--- Your task ---
Below are entries with pictures in them. Output exactly the lines starting at the line with "VIVAX TV - CANAL 185" and ending at the line with "Stig Lindberg - Grazia", both included, but not the pictures.

+++ Raw data

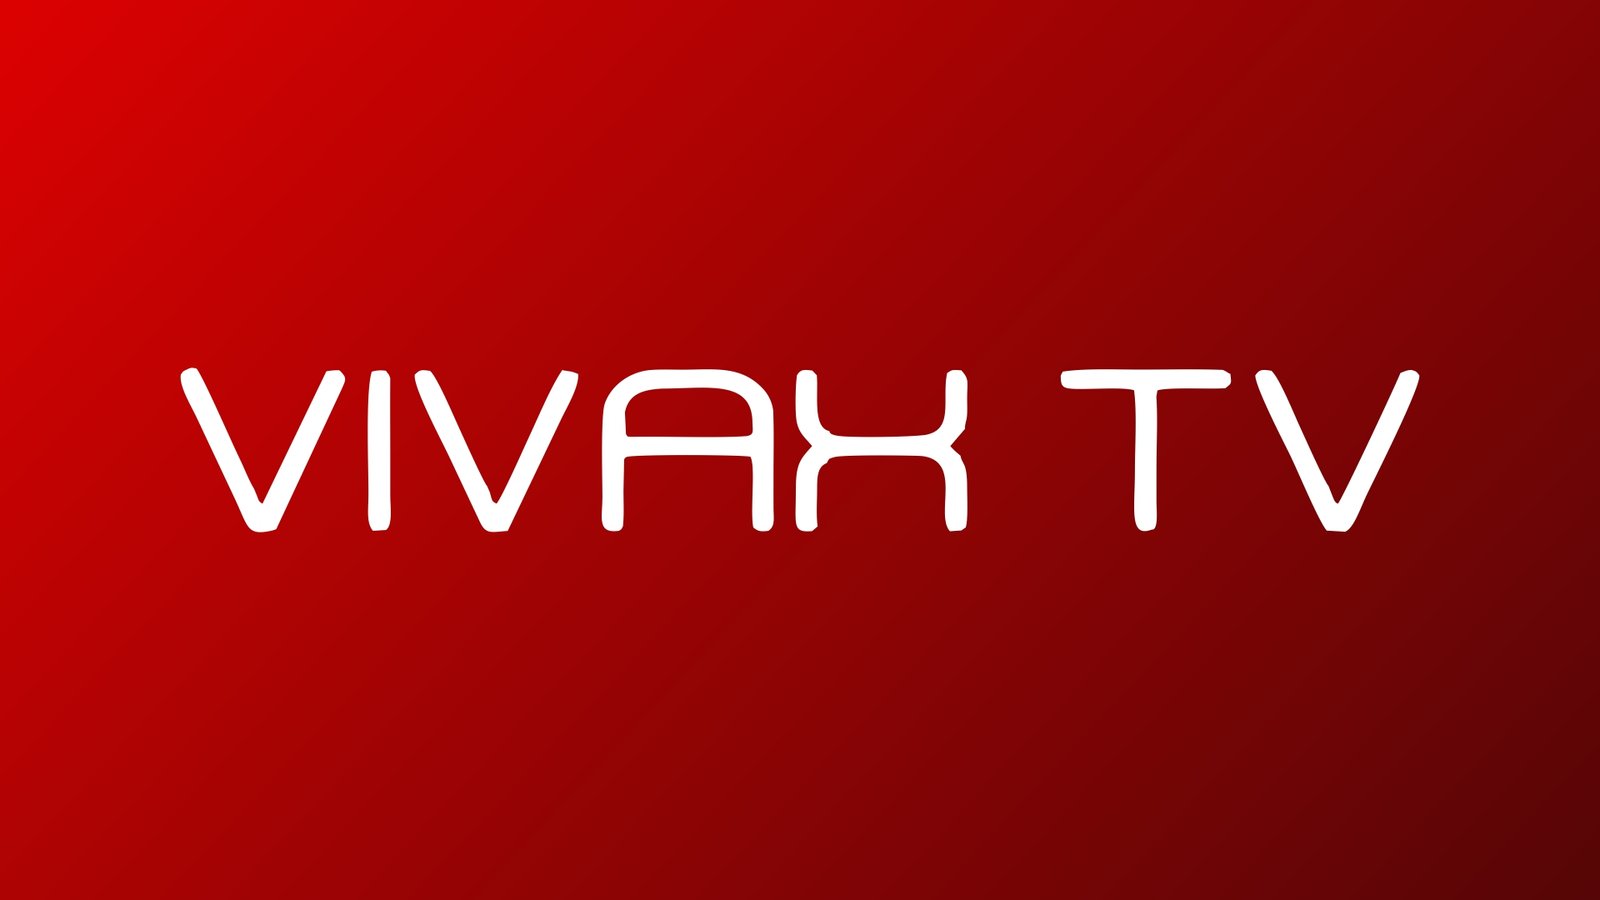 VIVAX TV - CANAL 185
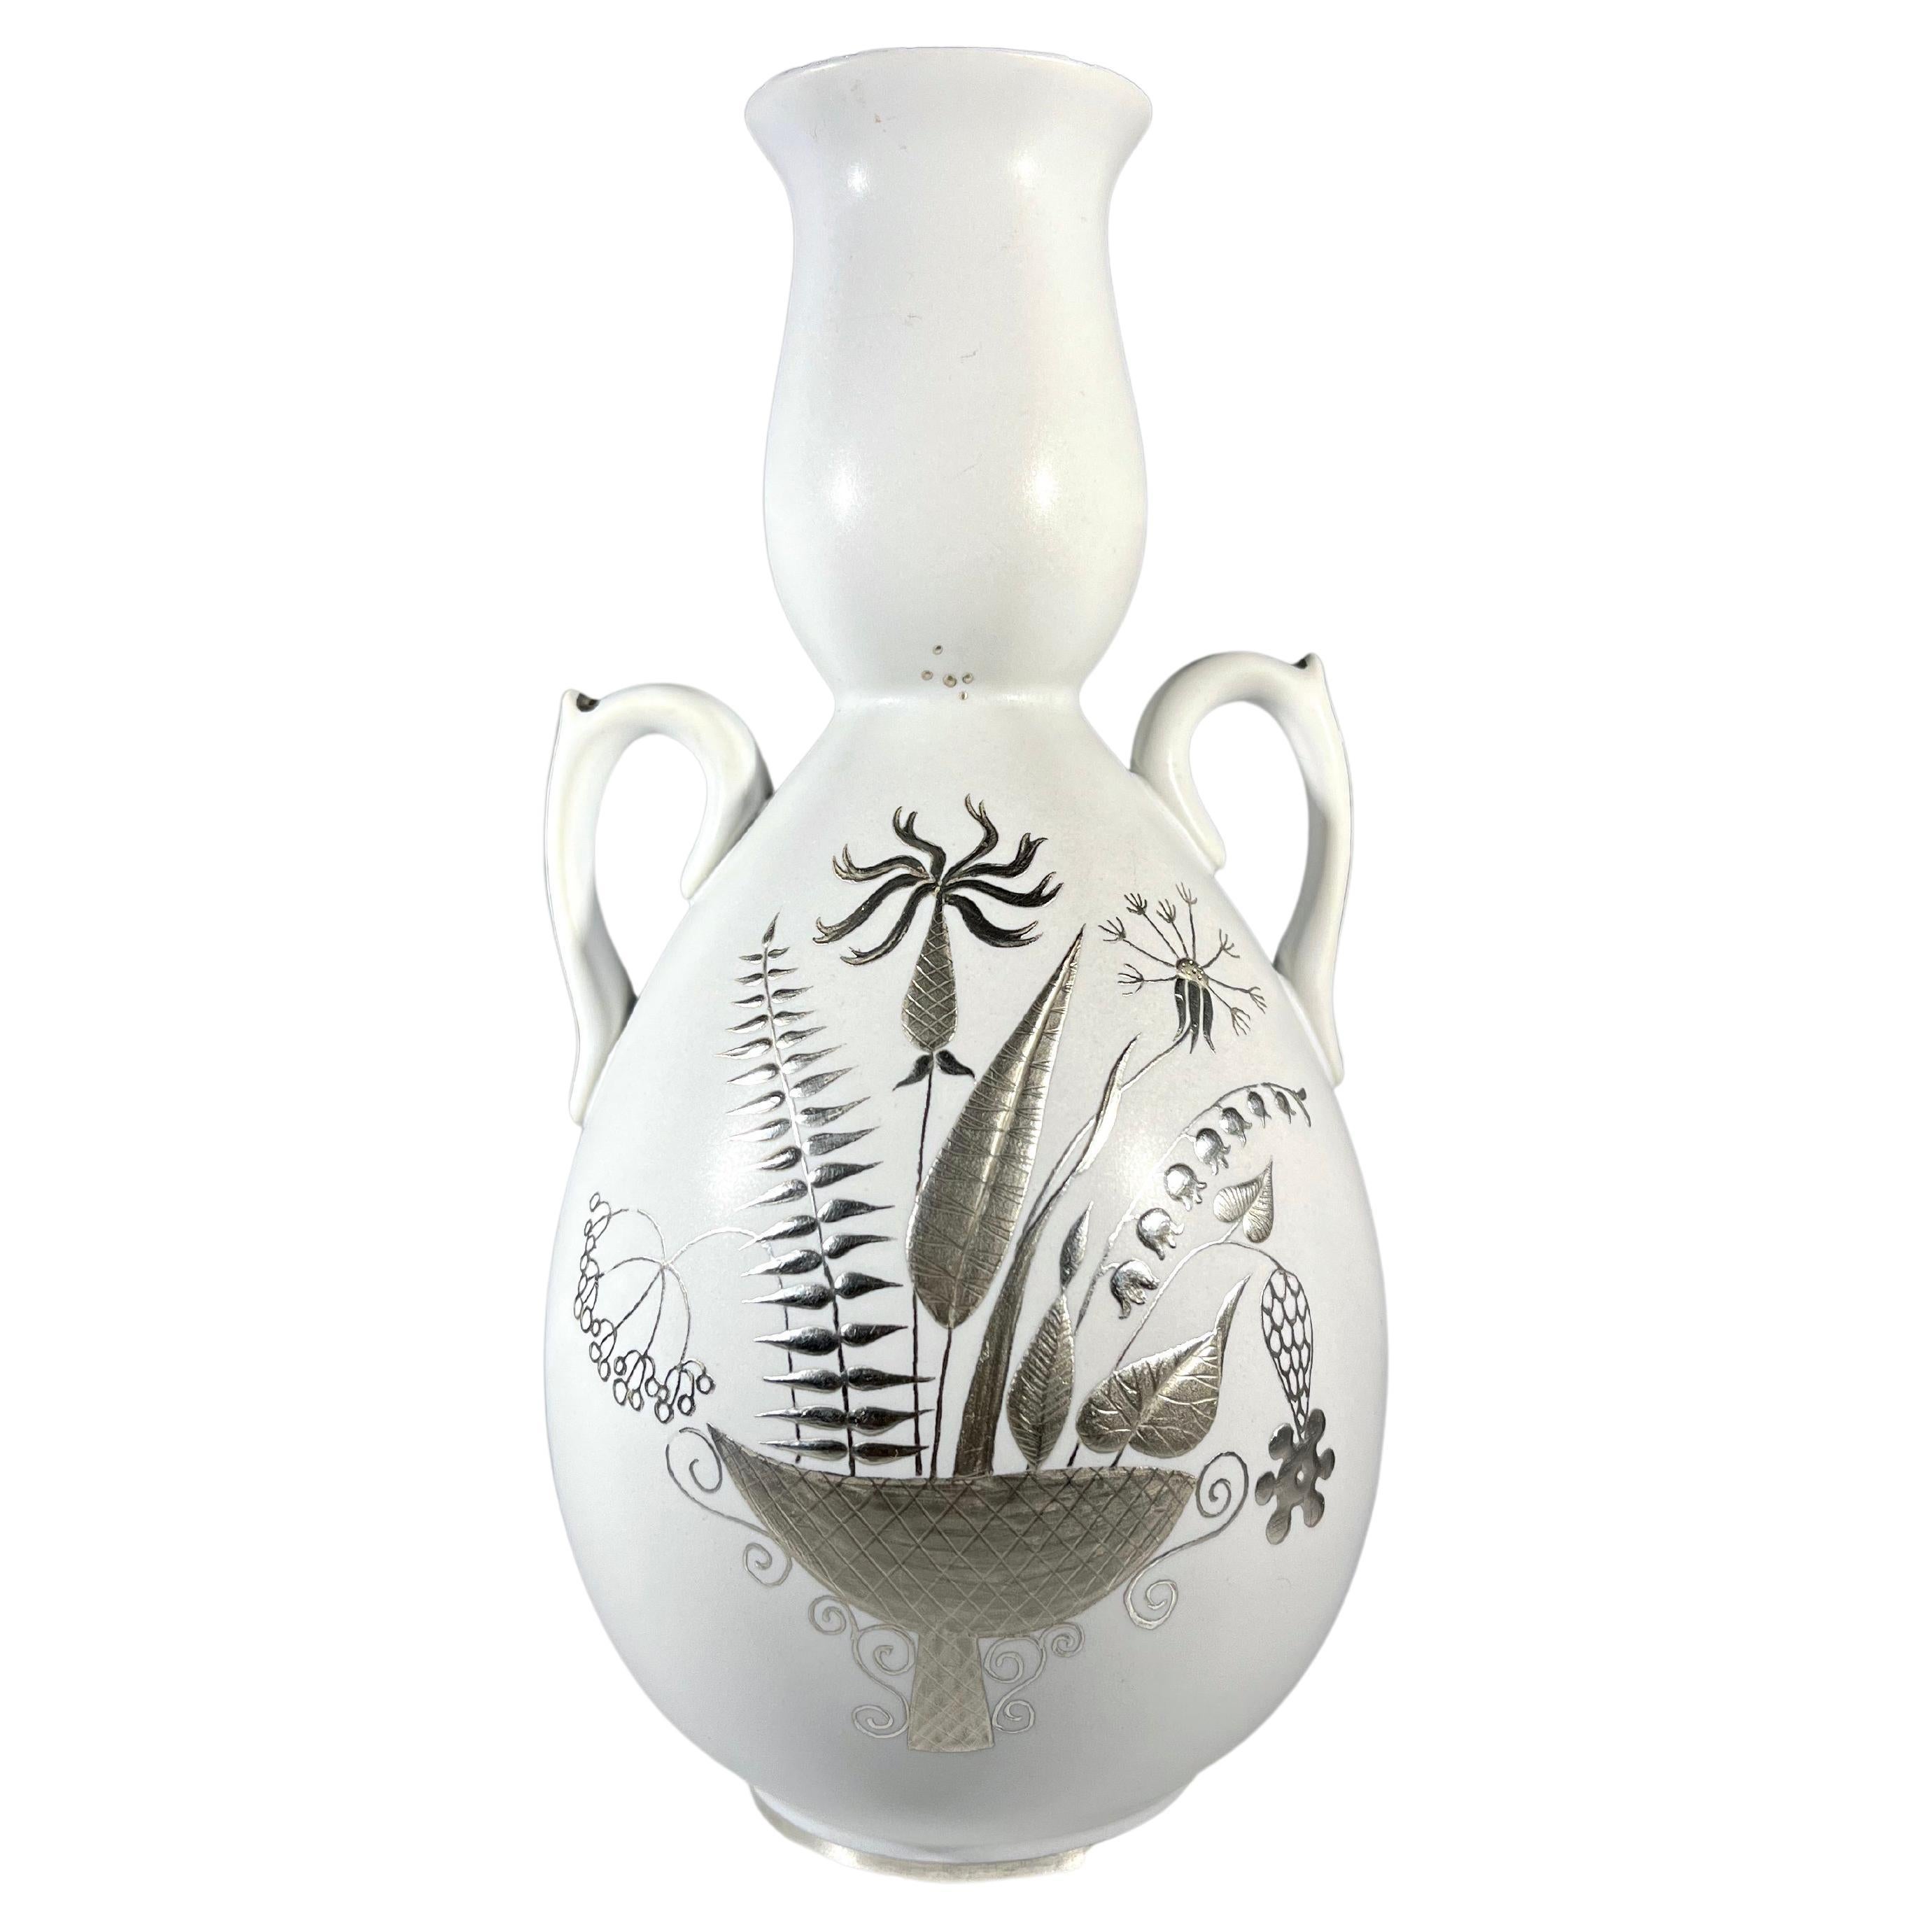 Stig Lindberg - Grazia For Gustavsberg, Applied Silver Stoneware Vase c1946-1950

++++++
+++ Raw data

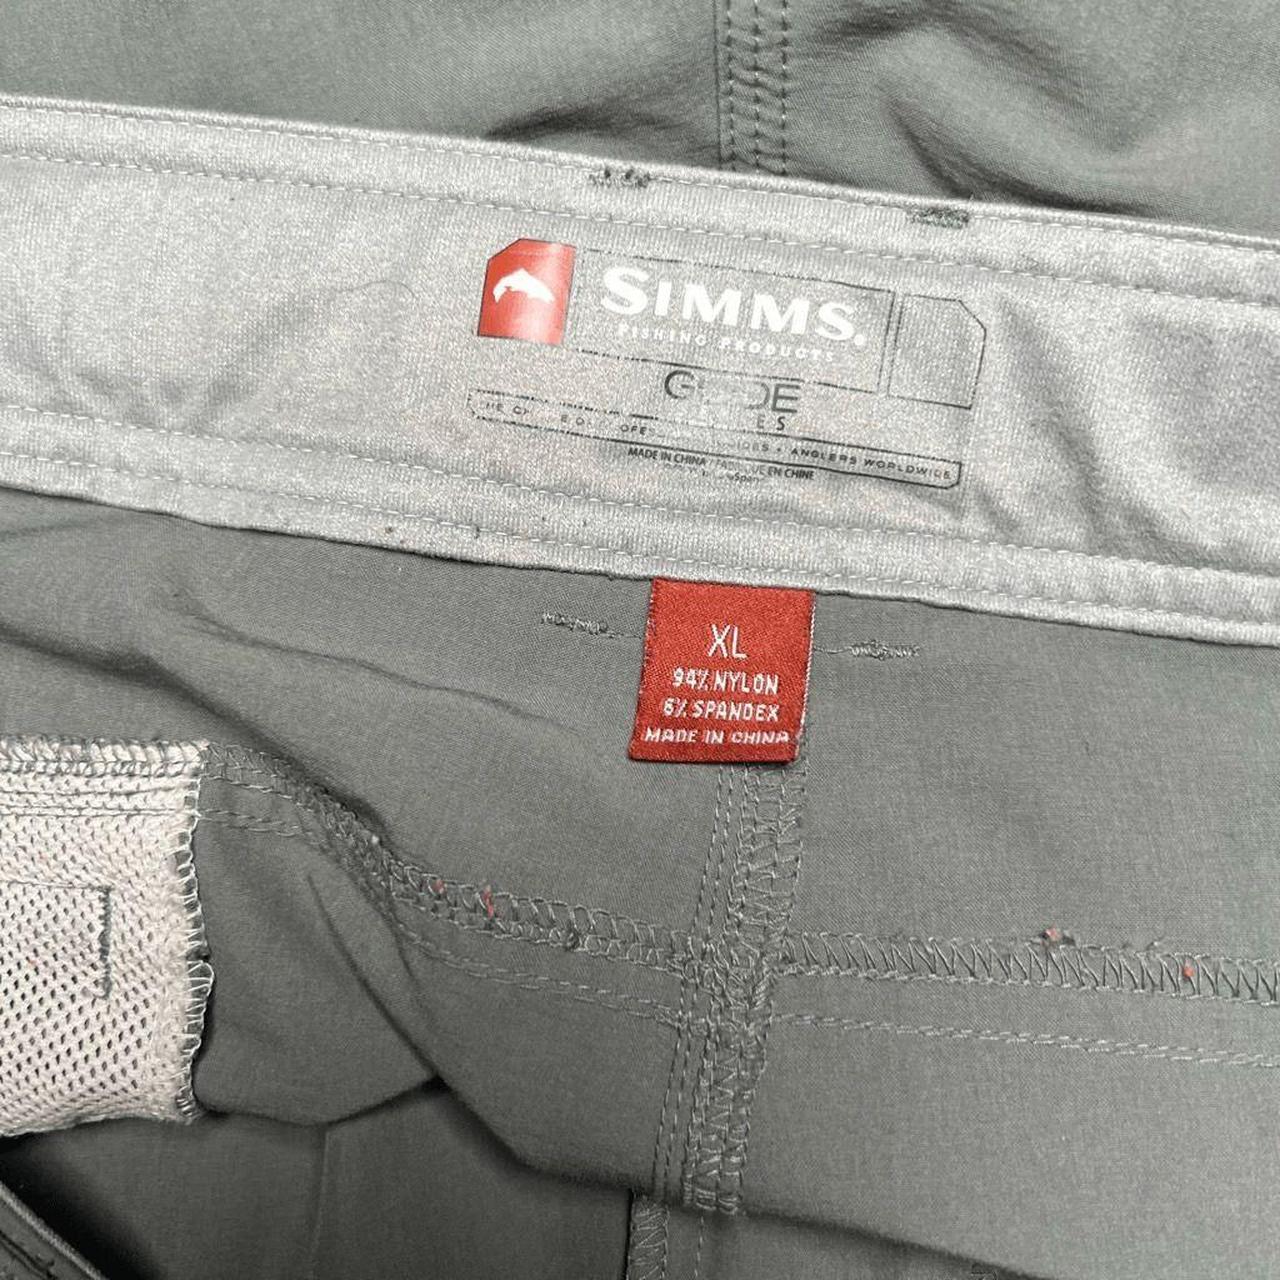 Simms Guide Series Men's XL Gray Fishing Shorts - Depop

++++++

--- Response ---
 VIVAX TV - CANAL 185
 Stig Lindberg - Grazia For Gustavsberg, Applied Silver Stoneware Vase c1946-1950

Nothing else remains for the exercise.